Задумчивые и веселые строки. Героические и будничные. В документах прошлое обретает не только зримость, но и вкус, и цвет, и аромат времени. Надо быть безнадежно тупым или совершенно бессердечным, чтобы не оценить по достоинству истинное значение этих первых, очень трудных, романтических и неизбежно коротеньких шагов в небо.

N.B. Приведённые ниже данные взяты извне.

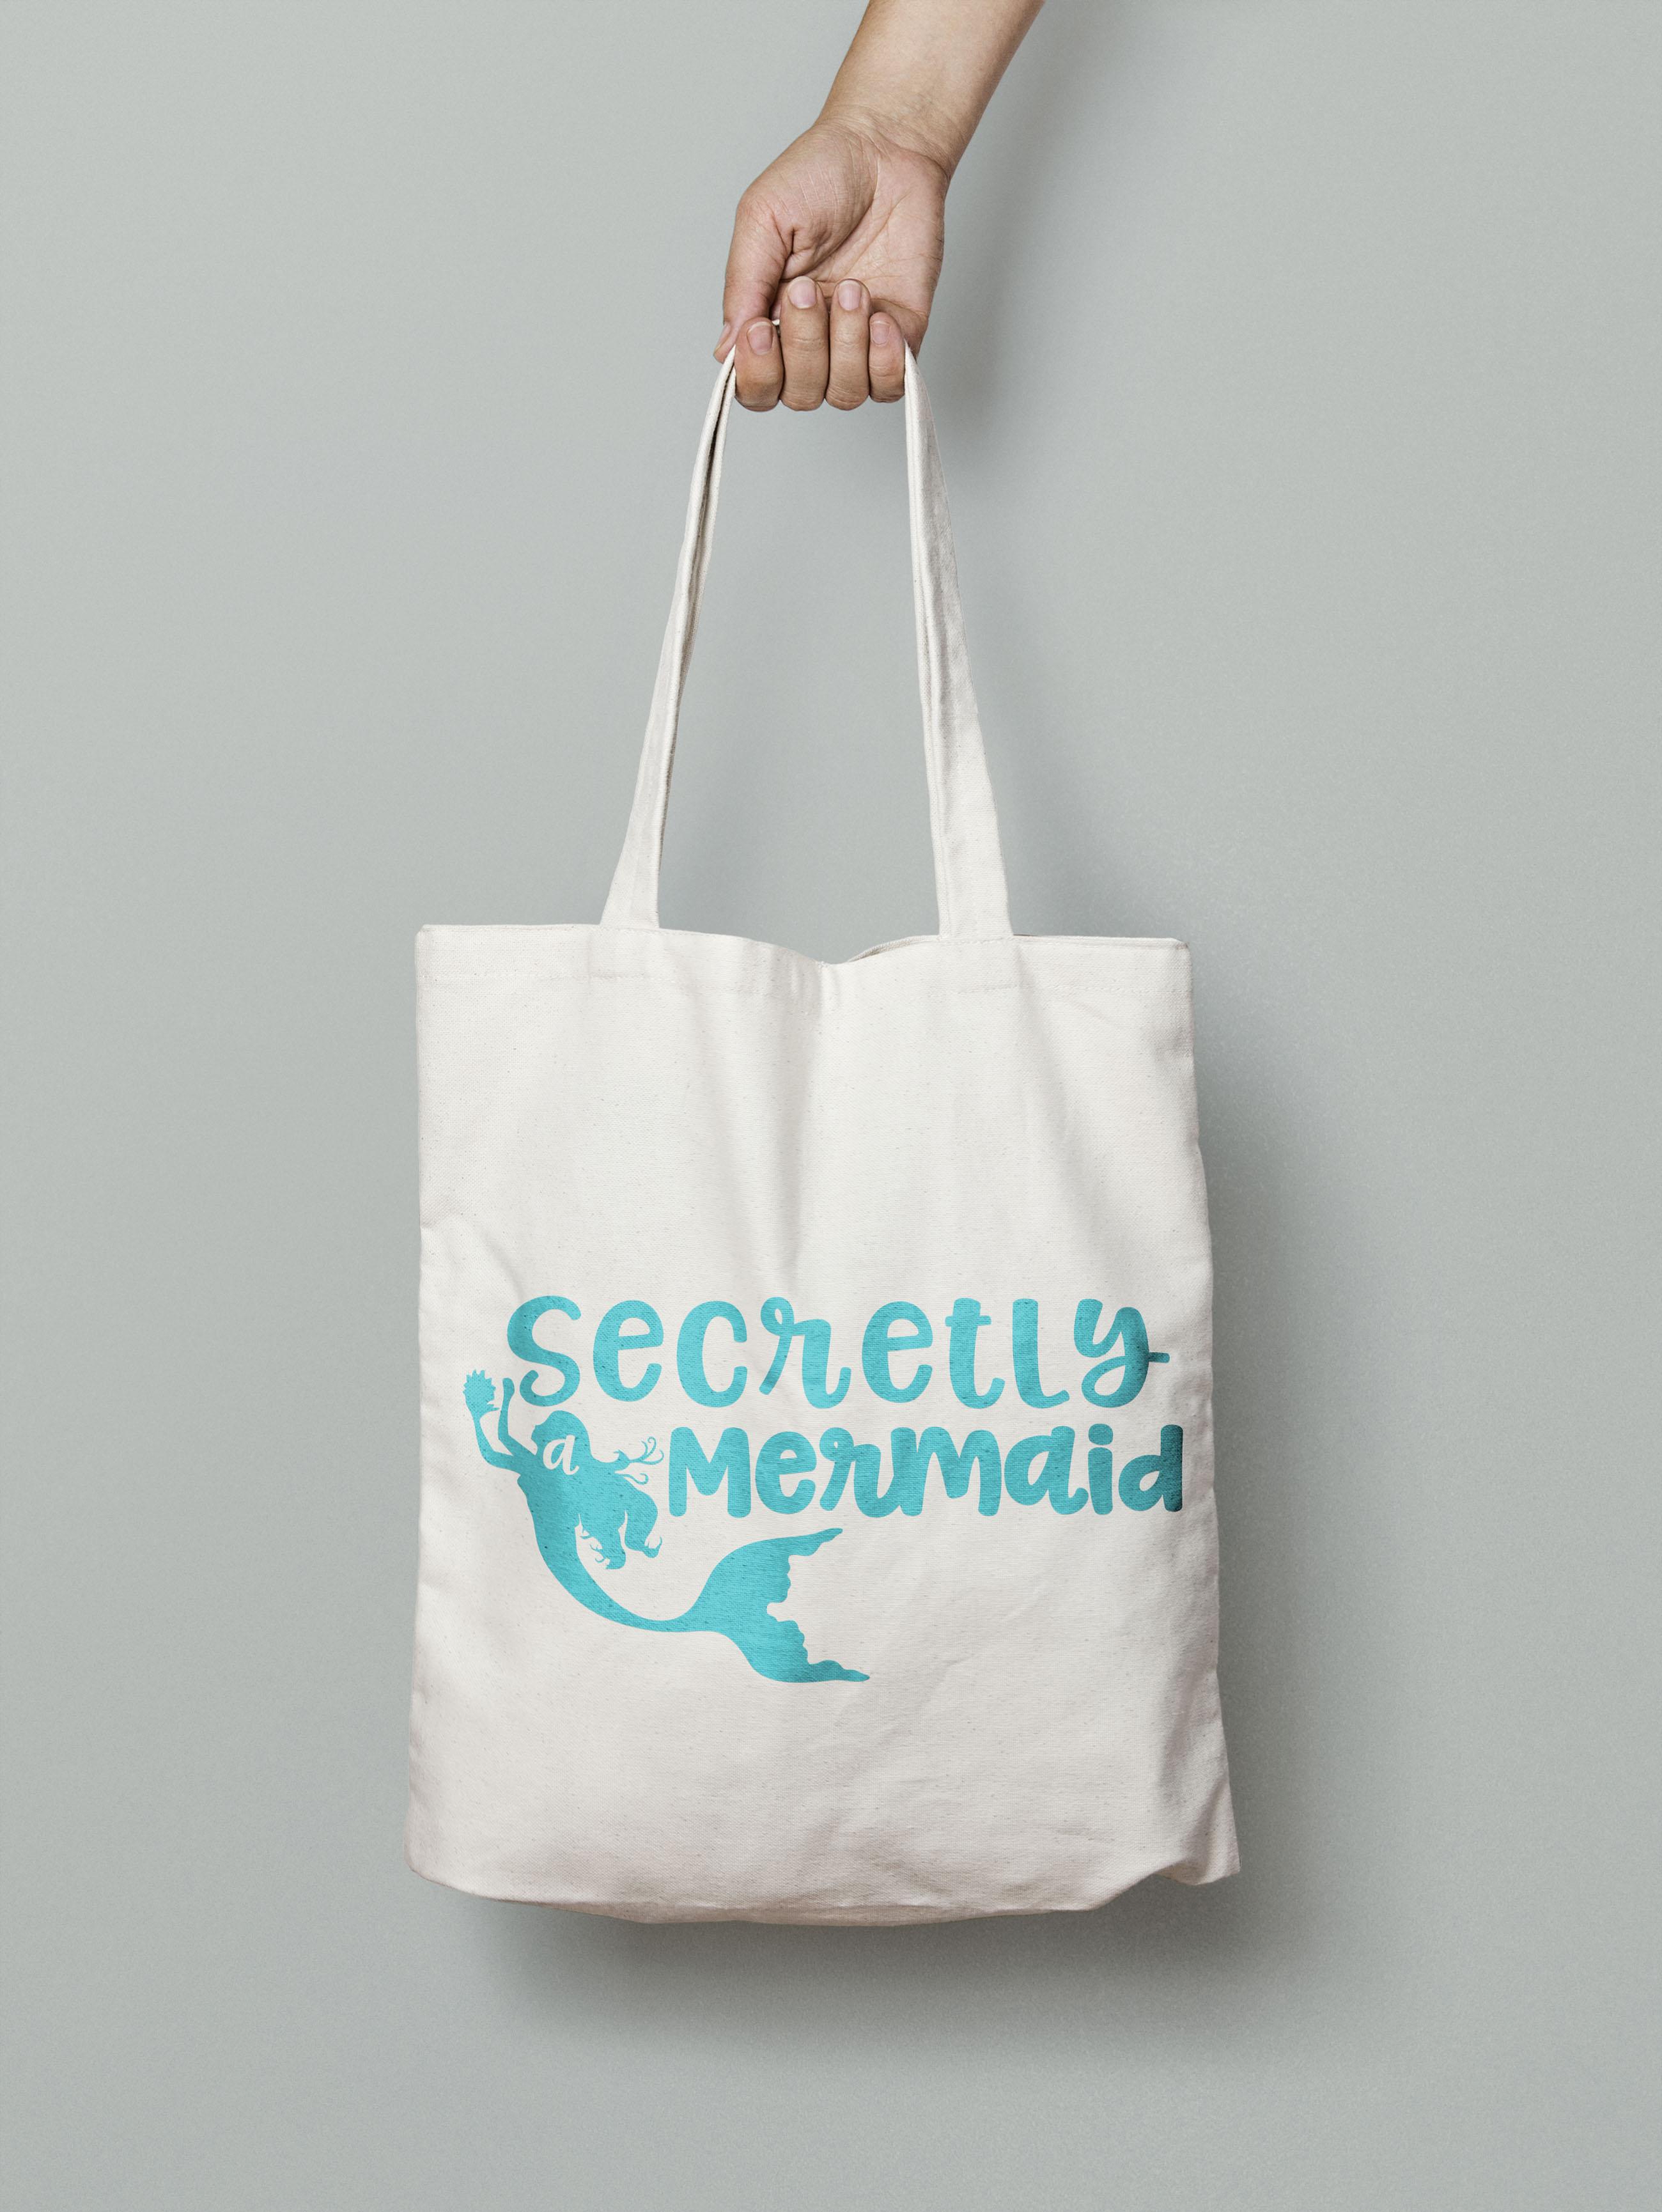 Secretly a Mermaid svg digital cut file Mermaid Love example image 3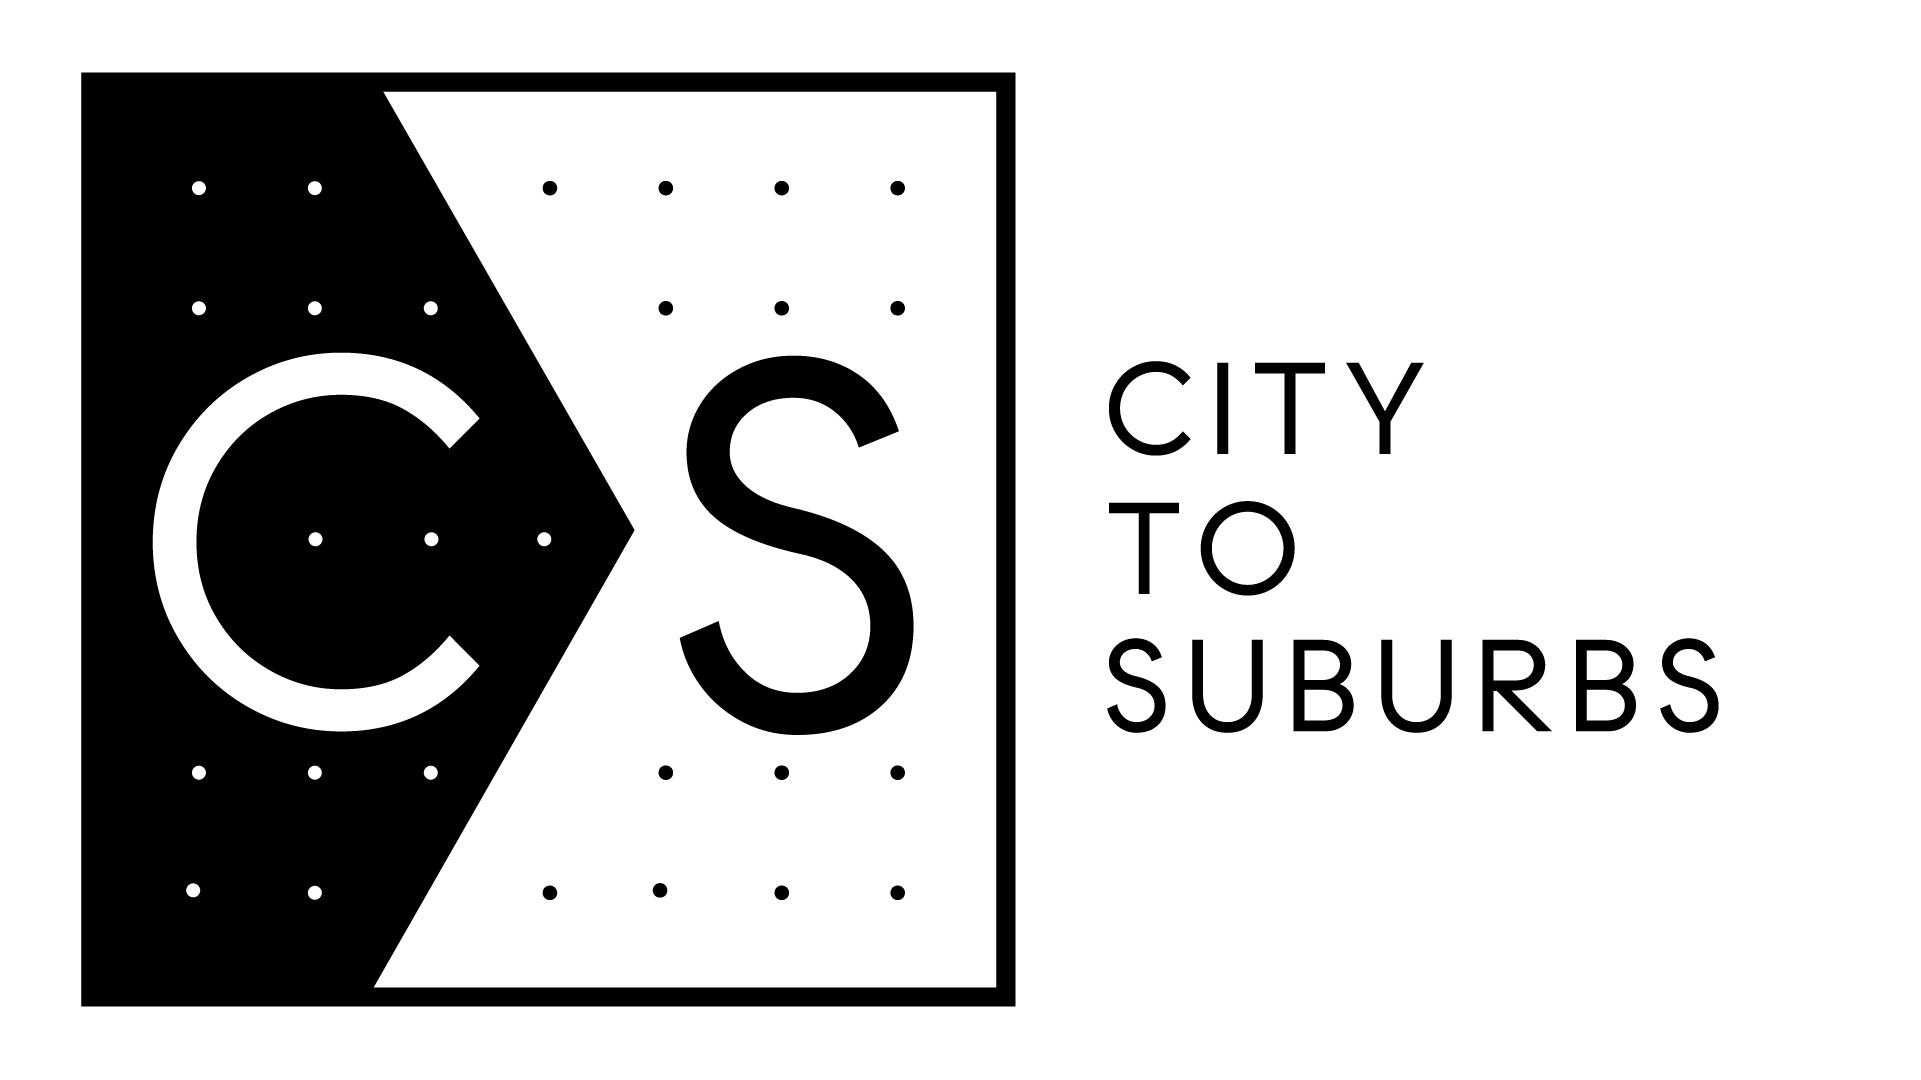 2019_03_City_To_Suburbs_Final_Monogram+Type_Alt_Blk.jpg

И вдруг словно горячий удар хлыстом. Словно крик раненого, обиженного человеческого сердца:
«Нужда с детства измучила меня. Приехал во Францию. Надо мной все издевались, у меня не было ни одного франка. Я терпел, думал — полечу, оценят. Прошу Ксидиаса дать больному отцу сорок рублей — дает двадцать пять. Оборвался. Прошу аванс 200 рублей, дают 200 франков. Без денег умер отец. Без денег Ефимов поставил мировой рекорд. Кто у нас оценит искусство? Здесь милые ученики уплатили за меня 1000 франков — спасибо им. Фарман дал 500 франков. Больно и стыдно мне, первому русскому авиатору. Получил предложение в Аргентину. Собираюсь ехать. Заработаю — все уплачу Ксидиасу… Если контракт не будет уничтожен, не скоро увижу Россию. Прошу вас извинить меня. Ефимов» [6].
Это телеграмма первого русского летчика Одесскому аэроклубу.
Ксидиас — деловой человек, денежный мешок. Он финансировал поездку Ефимова во Францию, вынудив его подписать грабительский контракт.
Несколько строчек, всего несколько строчек. Но и через полвека они больно ранят воображение. Горькая моя родина, сколько раз платила ты черной неблагодарностью лучшим своим сынам! Сколько раз умилялась и раболепствовала перед чужими героями и не хотела признавать своих. А Михаил Никифорович Ефимов был удивительным человеком. Выучившись летать почти «вприглядку», он начал путь профессионального авиатора целой серией выдающихся мировых рекордов.